Кое-как Софья допела до конца, но настроение у нее пропало. Проведя дома бессонную ночь, она решила более не спорить с опытным дирижером и на последующих репетициях самоотверженно старалась не допустить «вульгарных кривляний», уделяя внимание лишь красоте и силе звука. Альтани был в восторге, сама Софья — в ужасе, и, прибегая после к сестре в Столешников, она отводила душу.

— Аня, это просто кошмар, ужас какой-то! Я не понимаю, не понимаю, почему Татьяна должна стоять возле Онегина как статуя, с неподвижными руками и лицом?! Почему она должна писать любовное письмо, словно прошение в казенную палату?! Чем может помешать драматическое решение роли?! Я знаю, что так было бы лучше. Синьора Росси всегда поощряла драматическую игру, которую зал принимал с восторгом, да оно и понятно, ведь это же театр, спектакль, а не концерт в консерватории, в театре должны ИГРАТЬ!

— Соня, в каждом театре свои законы и традиции… — осторожно говорила Анна, вглядываясь в бледное, осунувшееся за последние дни, несчастное лицо сестры. — Альтани великий дирижер, он, я полагаю, знает что делает, если он считает…

— Да, да, да! Он считает, но я-то не могу! Если бы я начинала в опере! Но я играла в драматическом театре, я не понимаю, как можно неподвижно стоять на сцене, я теперь только и занимаюсь тем что слежу за каждым своим движением, чтобы, не дай бог, не сделать лишнего! Я не могу увлечься, не могу отстраниться, и это лишь мешает мне петь! Боже мой, я сорву премьеру, и Альтани успокоится наконец! И Нравина тоже! И ты!

Ко всему прочему, за неделю до премьеры, в разгар Софьиных терзаний, приехал из Костромы Мартемьянов.

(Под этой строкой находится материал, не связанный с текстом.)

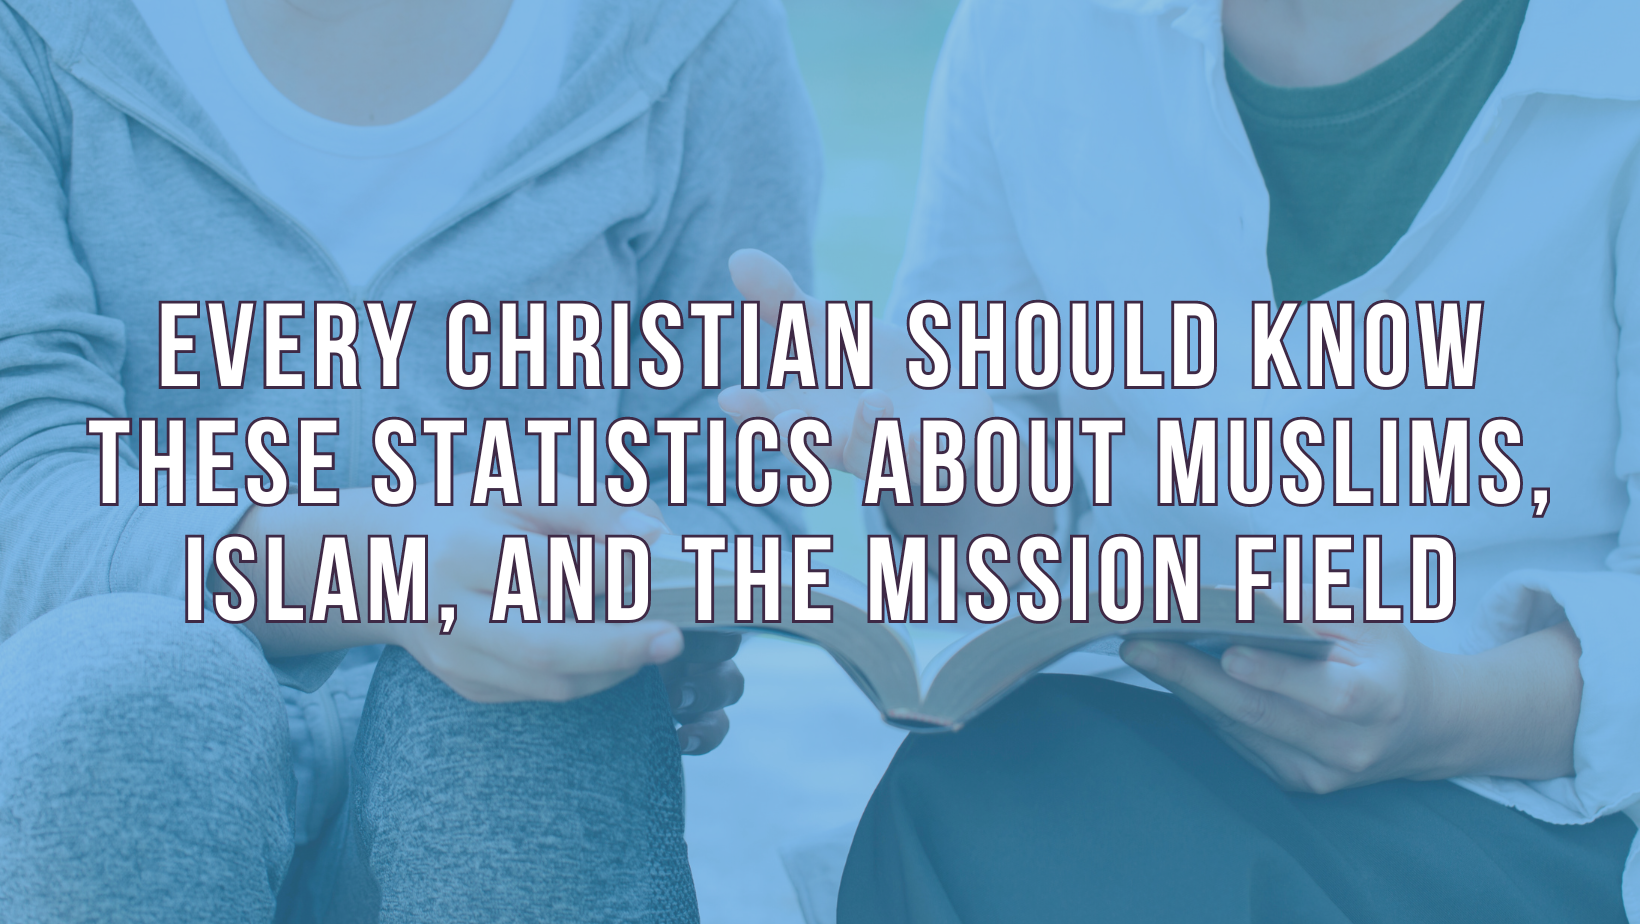 Statistics about reaching Muslims and the mission field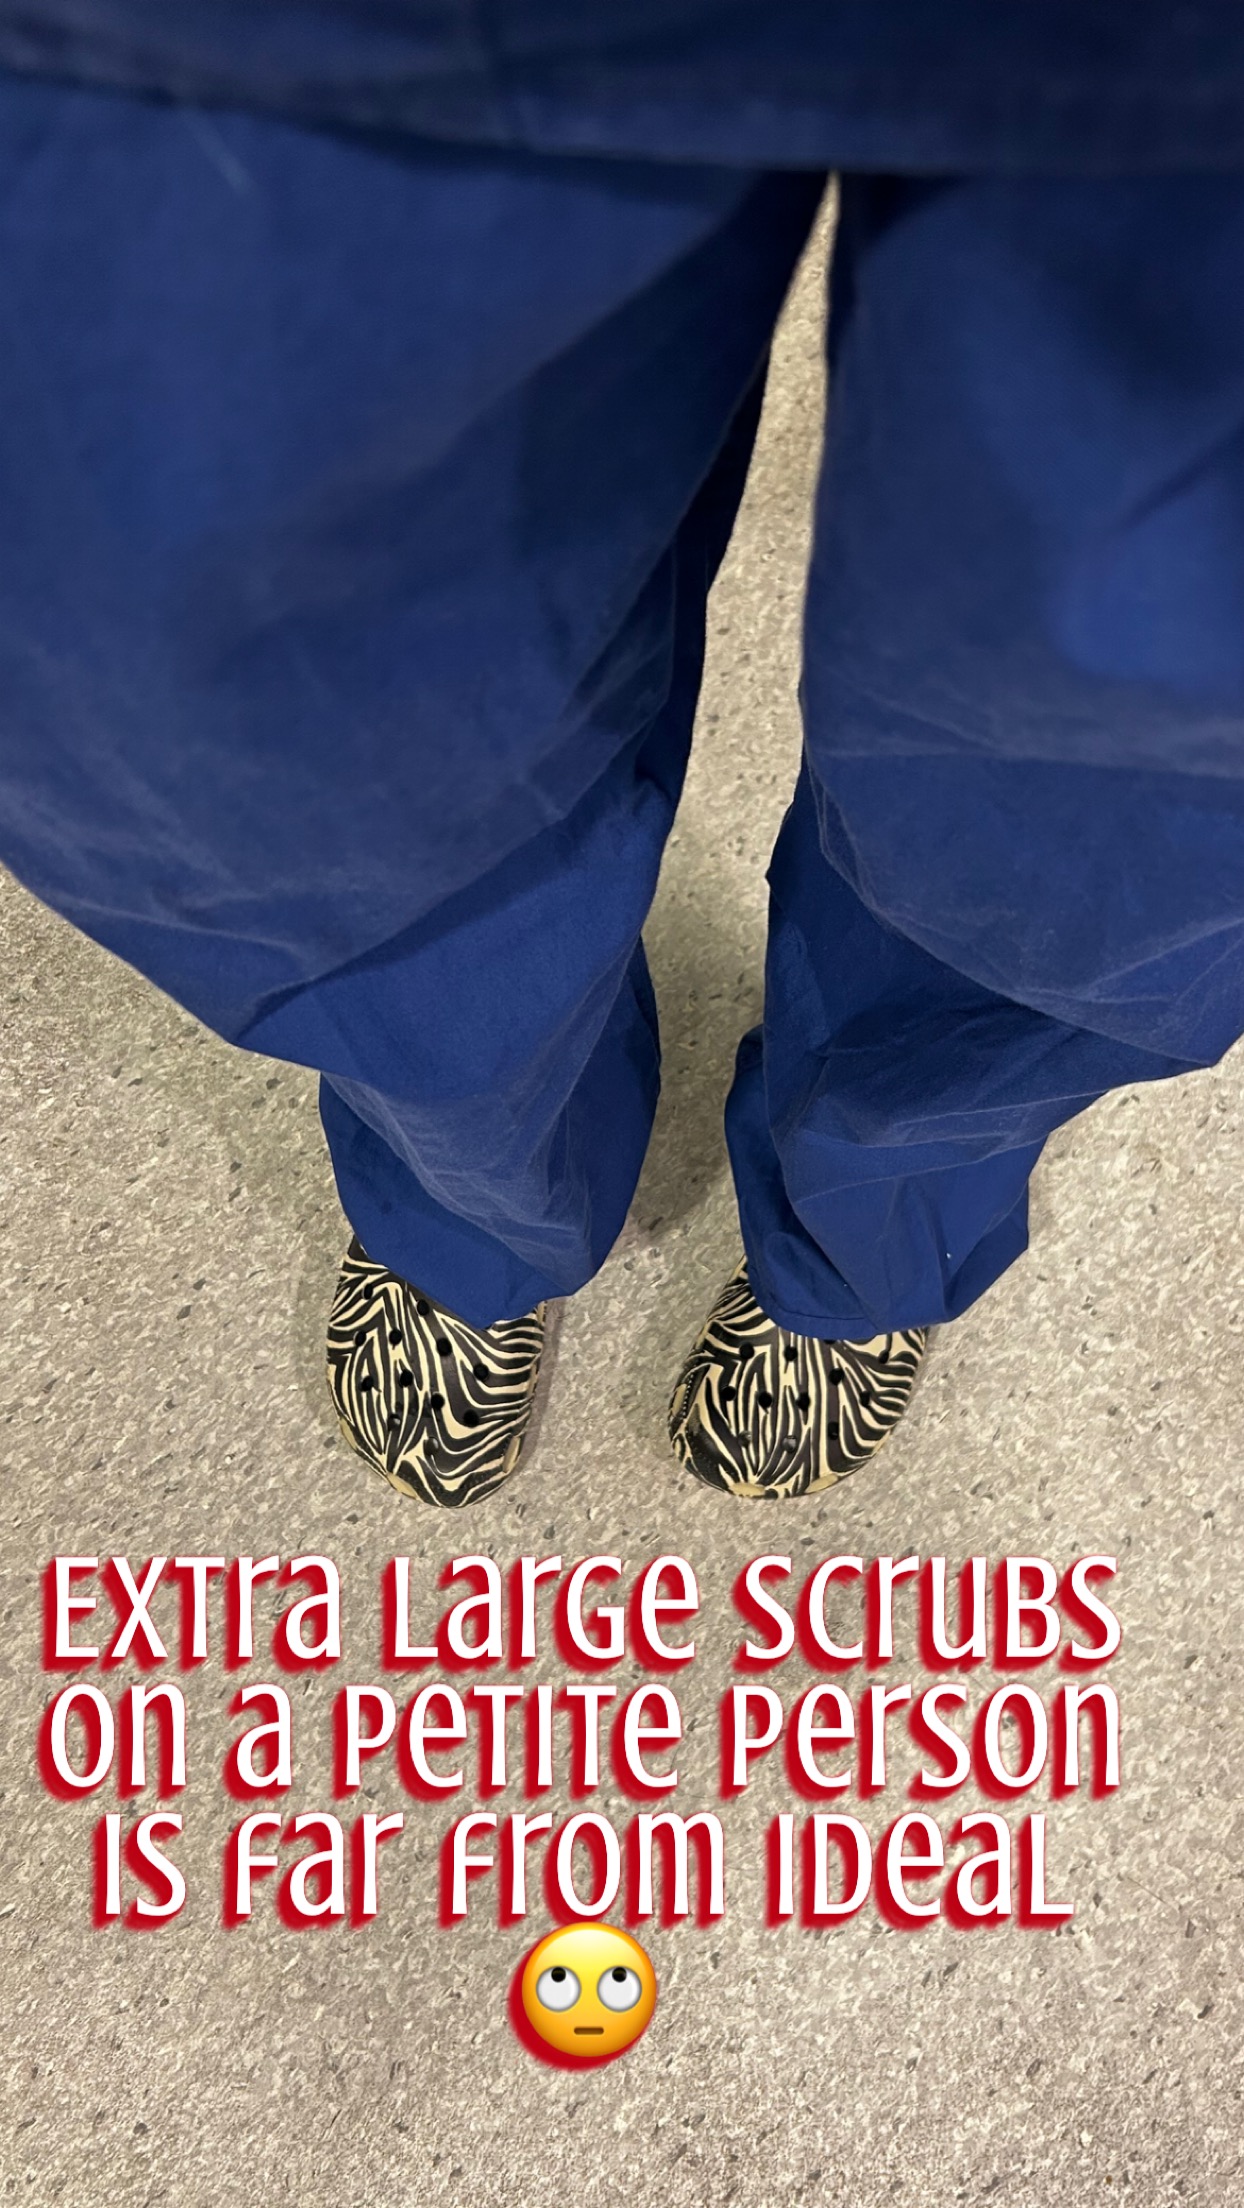 Extra large scrubs on a petite person far from ideal.

Софья вернулась домой после «Русалки», поздно ночью, усталая и злая: пока она пела свою партию на сцене, кто-то из прихвостней Нравиной щедро измазал гримом ее черное платье, и, несмотря на все усилия костюмерши, Ниночки Дальской и самой Софьи, удалить отвратительные белесые разводы с ткани не удалось. Платье погибло безвозвратно. В другое время это не слишком бы расстроило Софью, но бессмысленная гадость, сделанная соперницей, оказалась последней каплей в чаше сомнений, отчаяния и нервотрепки, и всю дорогу домой молодая женщина, несмотря на мороз, плакала навзрыд. Если б не собственные слезы, она, разумеется, заметила бы огромные, облепленные снегом сапоги Мартемьянова, которые были брошены на пол и занимали, чудилось, половину передней. Но Софья, не обратив на них внимания, машинально перешагнула лужу из растаявшего снега, прошла в гостиную, недоуменно позвала: «Марфа!»… и застыла, услышав из кухни тихие голоса. С минуту она прислушивалась. Затем как можно тише скинула ботинки и, осторожно ступая по скрипучим половицам, прокралась по коридору к кухне.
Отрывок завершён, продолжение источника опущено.